Son retour à la vie légale coïncida avec ses débuts comme chroniqueur sportif, devenant rapidement une figure marquante de la profession, fort de l’expérience acquise au fil de sa proximité avec les grandes compétitions footballistiques des trois décennies précédentes.

En 1964 toutefois, débute au Brésil la dictature militaire de Branco, chef des forces armées, qui baptise son coup d’État du nom de “révolution”. Les autorités connaissent bien Saldanha pour son passé militant. Pourtant, au lieu d’être marginalisé, il est nommé en 1969 à la tête de la sélection nationale par le directeur du sport du régime, João Havelange (futur président de la FIFA).

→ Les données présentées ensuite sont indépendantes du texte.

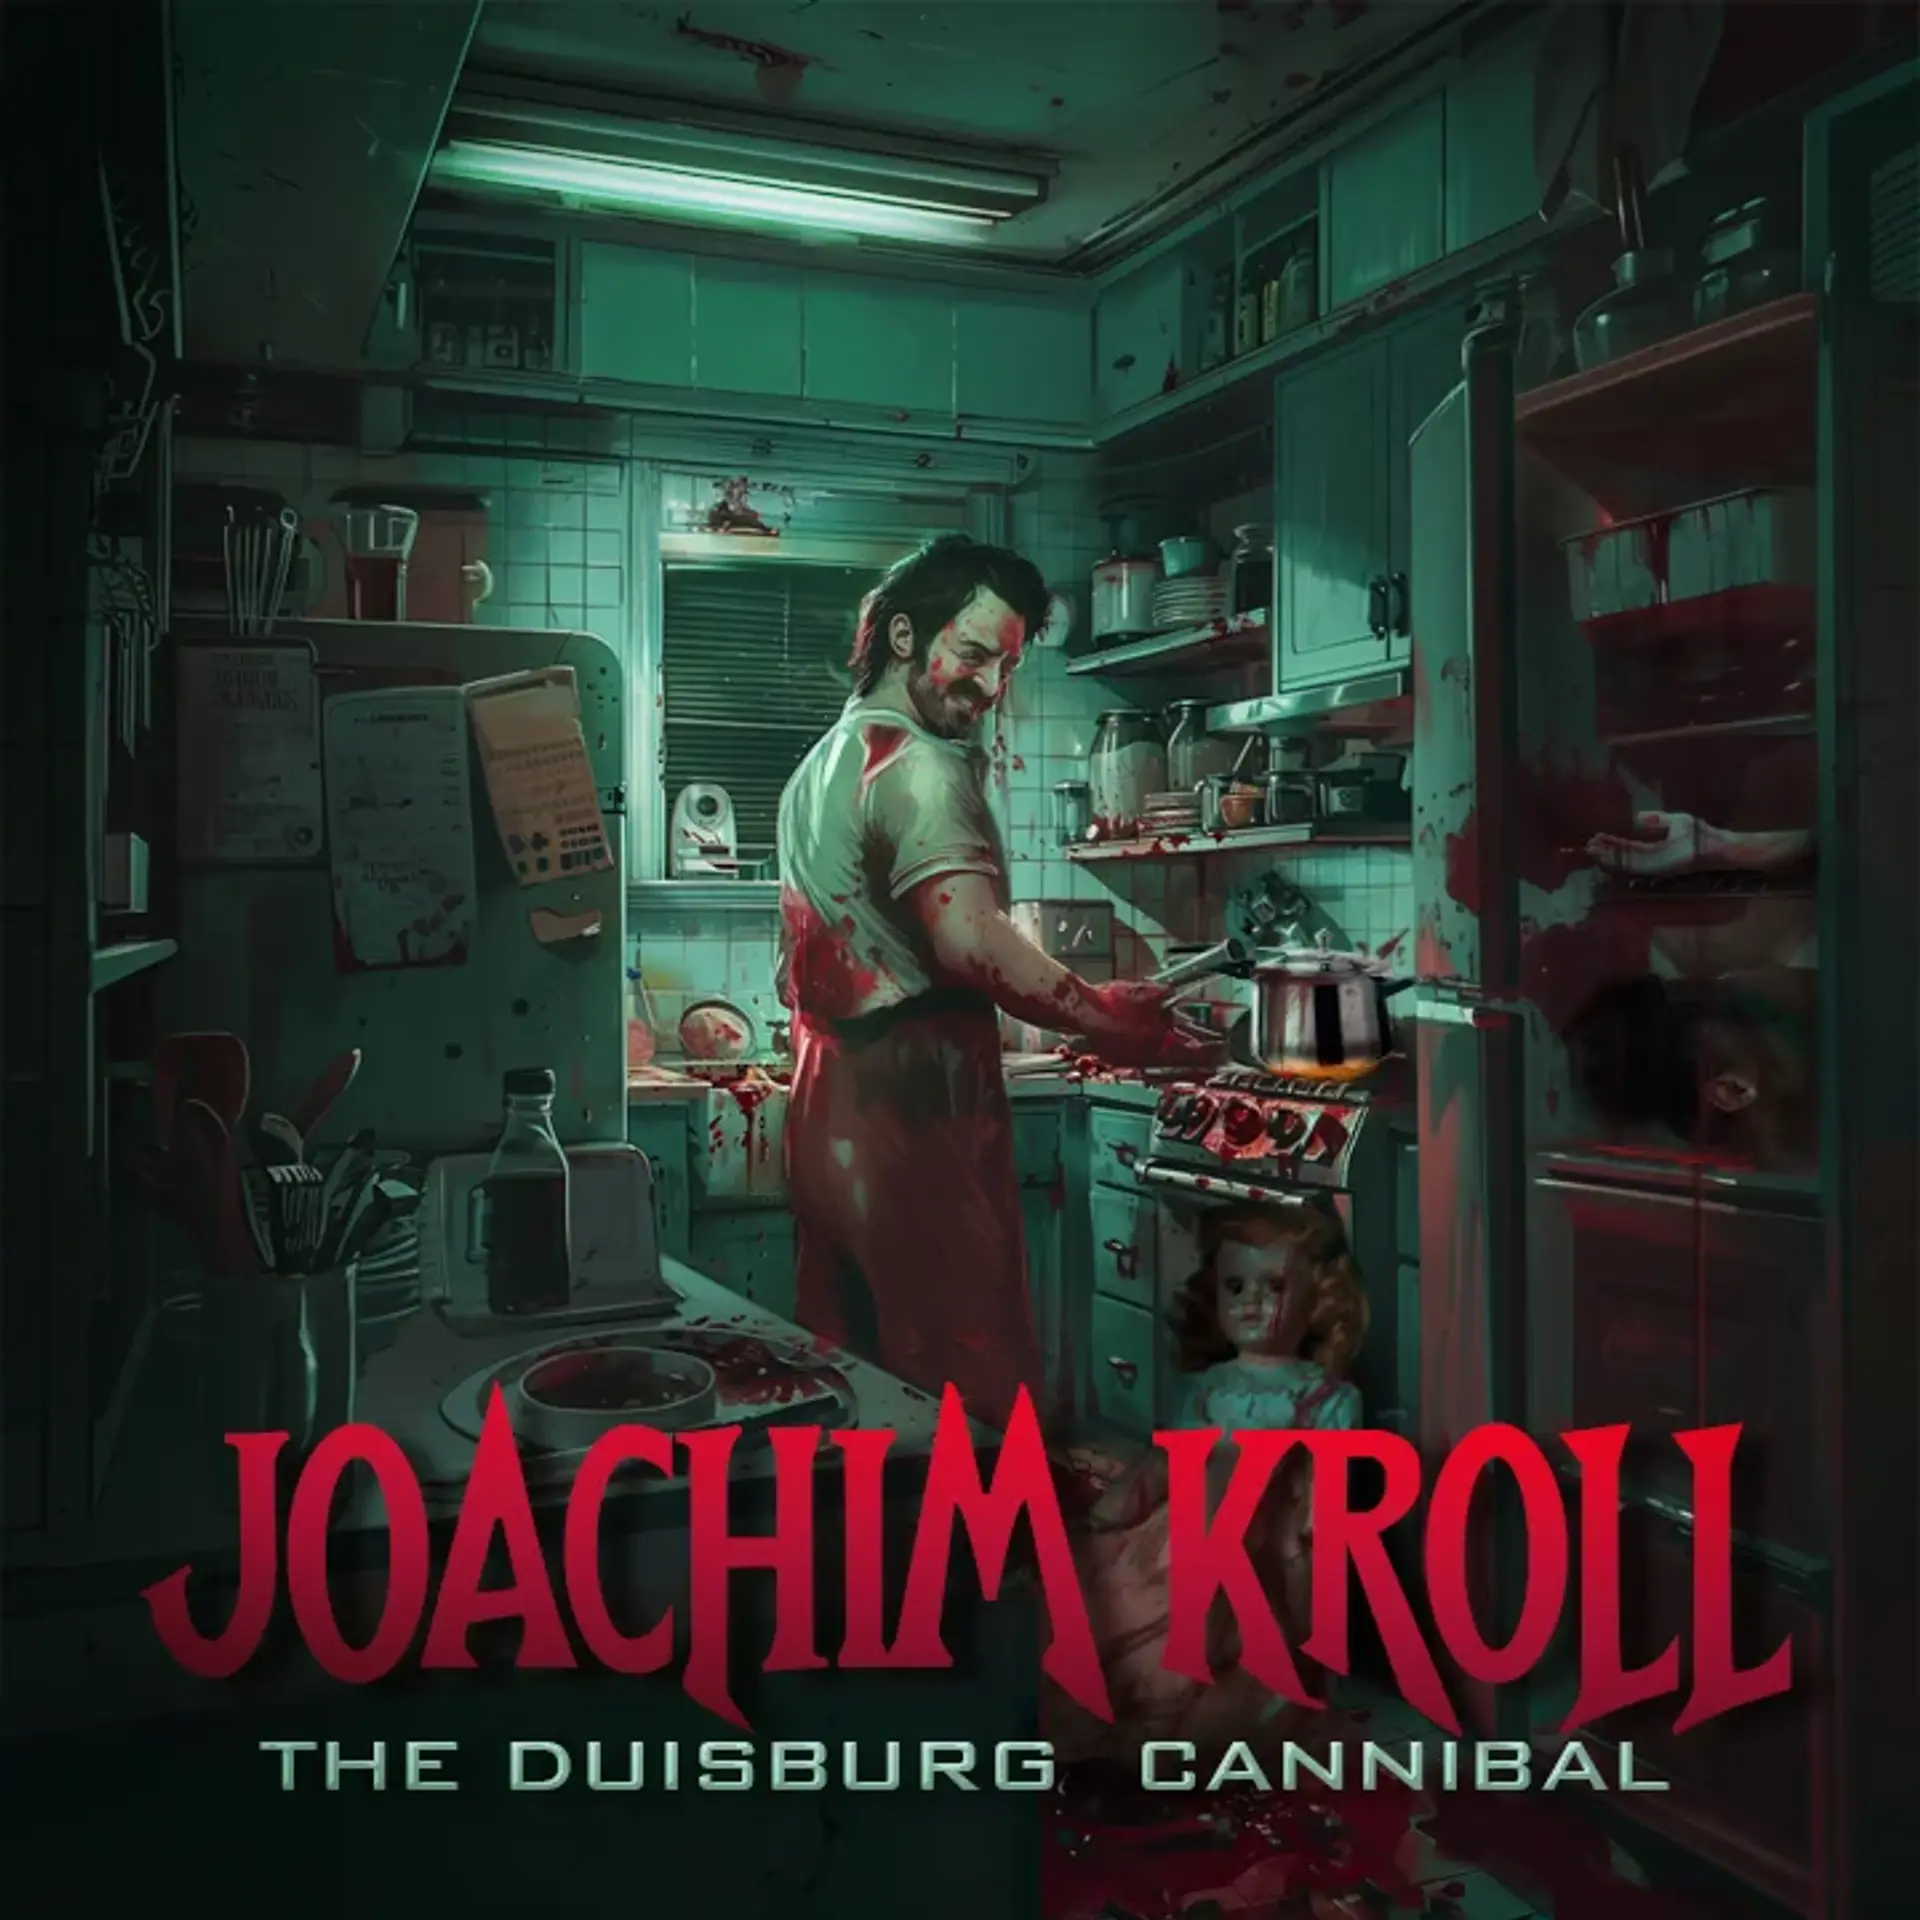 Joachim kroll- The Duisburg Cannibal |

Saldanha est chargé de diriger la génération dorée du football brésilien, choyée par le régime, car vitrine de prestige pour la junte. Mais sa vision du football dépasse son époque.

Observant l’évolution du jeu en Europe et fasciné par le développement du football total aux Pays-Bas, il décide de façonner la sélection selon les principes de l’occupation rationnelle de l’espace et de la structure systémique, malgré la cohabitation forcée des plus grandes stars dans le onze titulaire. Il va jusqu’à commettre le “sacrilège” de suggérer l’exclusion de Pelé de la composition de départ. Ce système porte pourtant ses fruits lors des qualifications, que le Brésil remporte haut la main pour accéder à la Coupe du Monde 1970 au Mexique. Mais la forte personnalité de Saldanha le conduit à s’opposer aux vedettes brésiliennes, et il est finalement remplacé par Mario Zagallo.

La prophétie footballistique de Saldanha ne se réalise pas au Mexique : l’altitude et les conditions atmosphériques empêchent le pressing haut, et c’est le jeu spontané de cette équipe qui laisse des monuments dans l’histoire du football, avec en apothéose la finale de l’Azteca face à l’Italie. Pourtant, sa vision trouve confirmation dans les années qui suivent.

Le Brésil, en rejetant la logique de Saldanha, paie au prix fort son refus des systèmes de jeu, s’obstinant dans l’inspiration et l’improvisation. Il perd peu à peu même la sympathie et l’adhésion de son propre peuple, qui condamne sans ménagement les sélections brésiliennes qui échouent. Ce climat n’est pas non plus favorable aux putschistes. Il faudra de très longues années au Brésil pour retrouver le sommet du football mondial — un retour qui ne se fera qu’après des défaites monumentales, vécues par certains comme la fin du football romantique, et par d’autres comme le passage à son ère moderne.

Après son passage à la tête de la sélection, Saldanha retourne au journalisme, laissant derrière lui des formules inoubliables, comme : « Le football brésilien est une chose qui se joue en musique. » En 1985, après la chute de la dictature, il est candidat du Parti Communiste du Brésil à la mairie de Rio de Janeiro.

Fumeur invétéré, il rend son dernier souffle à Rome, le 12 juillet 1990, quelques jours après la finale de la Coupe du Monde qu’il commentait pour la télévision brésilienne.